Until its election defeat, Labor’s main policy to make the 5% cut was its carbon price scheme. But the scheme was unlikely to achieve even this disastrously small goal because it was to join Europe’s emissions trading scheme, which has all but collapsed and remains mired in crisis.

The Coalition government is also unlikely to meet the 5% target. New Prime Minister Tony Abbott has pledged to scrap the carbon price and give more public subsidies to polluters, supposedly to encourage emissions cuts. Other Coalition climate policies include planting trees and vague promises to capture more carbon in soils.

Before the election, Abbott confirmed that the Coalition’s “direct action” policy may indeed fall short of the 5% target, but he ruled out any more climate spending regardless.

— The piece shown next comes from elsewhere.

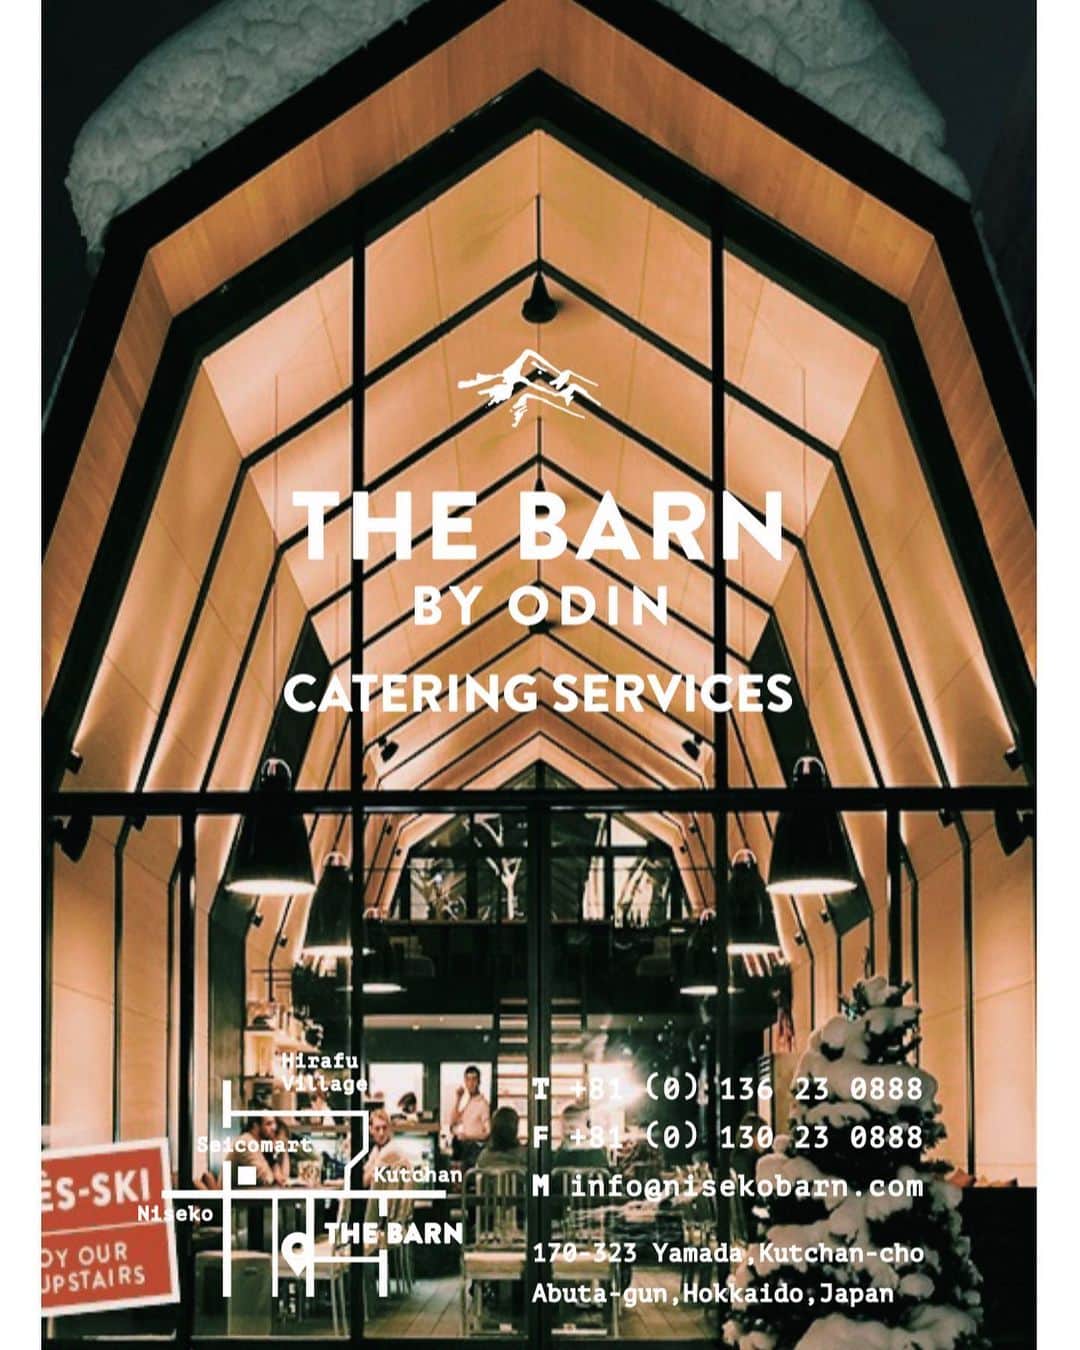 The Barn by Odinのインスタグラム：「✴︎﻿ “Catering our Omotenashi Hospitality “﻿ ﻿ 【The Barn New Service】﻿ Why don’t you try something special in Niseko other than snow? Bring our Omotenashi hospitality to your place.﻿ ﻿ 【Reservation】﻿ Tell : +81-136-23-0888﻿ Email : info@nisekobarn.com﻿ ﻿ #nisekorestaurant#hokkaodo#nisekodining#ski#niseko#hirahu#barn#thebarn#thebarnbyodin#catering#chef#specialdinner」

Even if — against the odds — Australia’s tiny 5% by 2020 target was met, it would make little difference. British climate scientist Kevin Anderson says industrialised countries must make emissions cuts of about 10% each year “to even stay within an outside chance of avoiding dangerous climate change”.

Australia may have signed the Majuro Declaration, but it won’t honour it. The climate policy of past and current Australian governments is really a policy for allowing low-lying nations such as the Marshall Islands to be submerged by rising tides.

A new wave of climate leadership will have to be found elsewhere, emerging from the grassroots movements for social change and climate justice.